> Supplied data

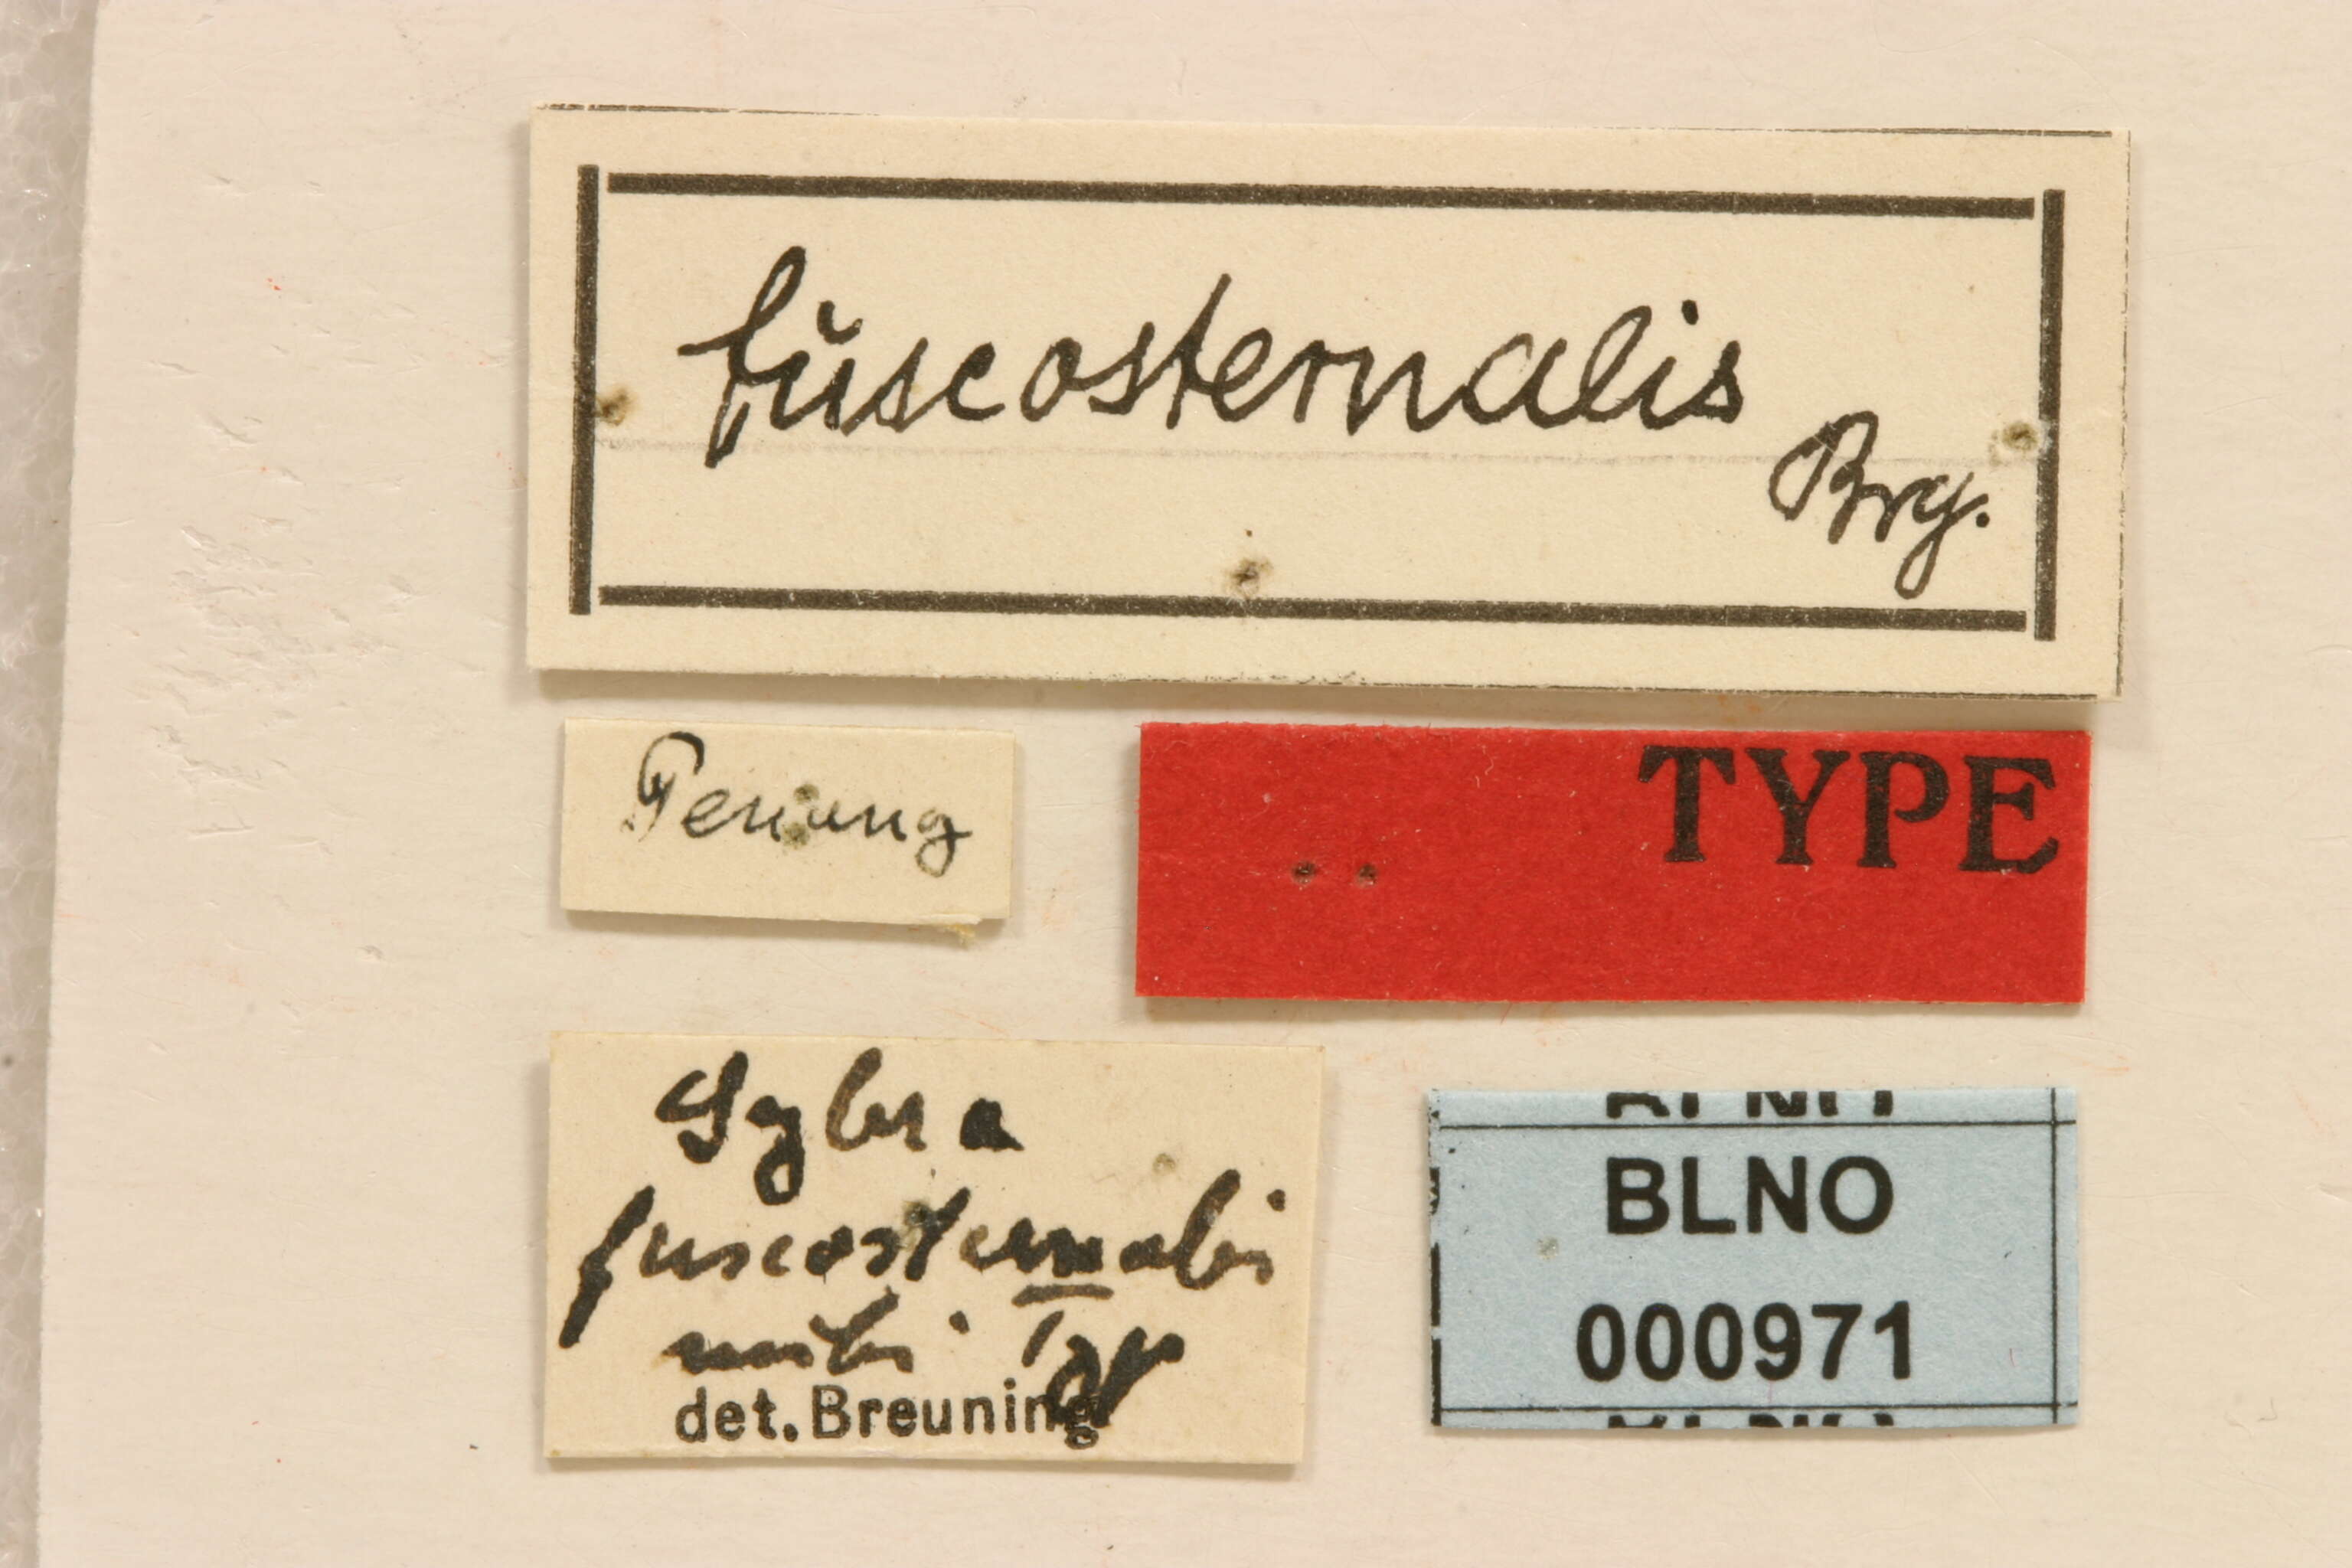 Mycerinopsis fuscosternalis (Breuning 1942) resmi
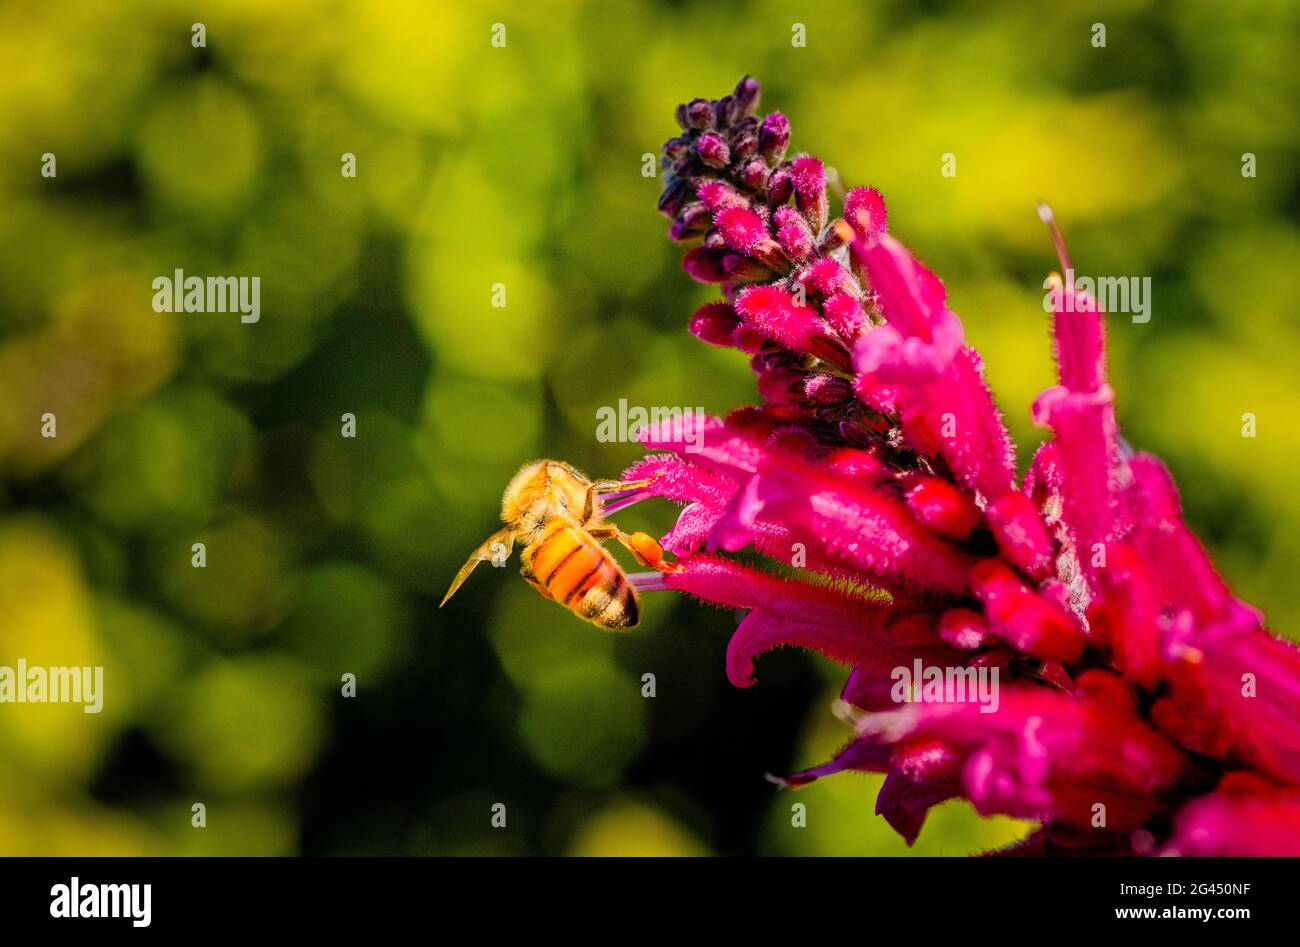 Gros plan de l'abeille sur la fleur rose Banque D'Images
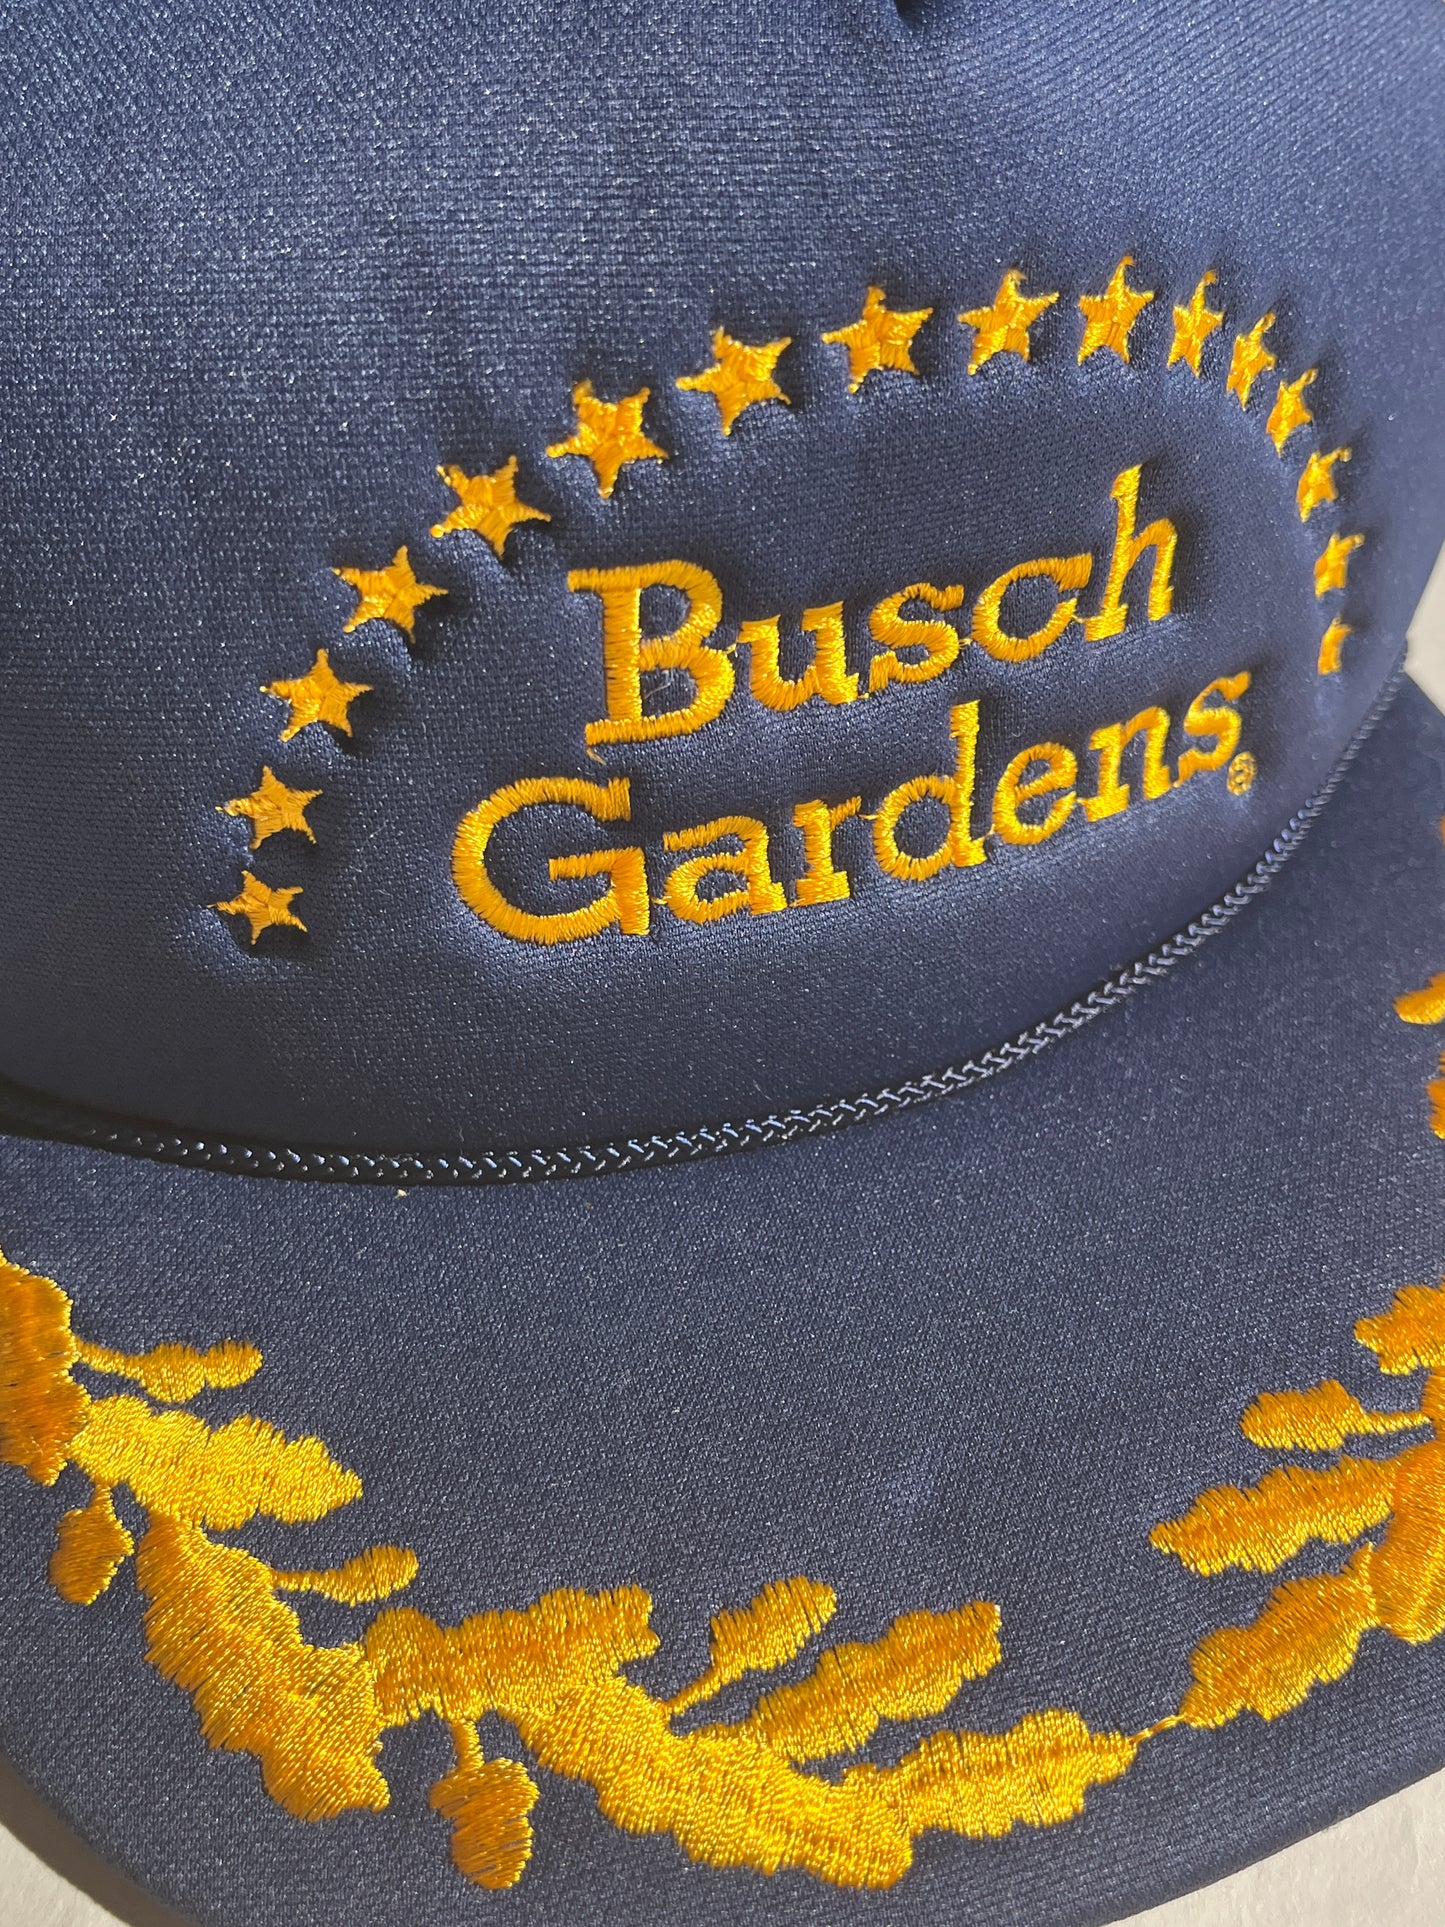 Vintage Busch Gardens Hat Snapback Embroidered

> Work required
Every line of the listing above is to be set down verbatim, without the pictures.

> Result
 Mycerinopsis fuscosternalis (Breuning 1942) resmi
 Gros plan de l'abeille sur la fleur rose Banque D'Images
 Vintage Busch Gardens Hat Snapback Embroidered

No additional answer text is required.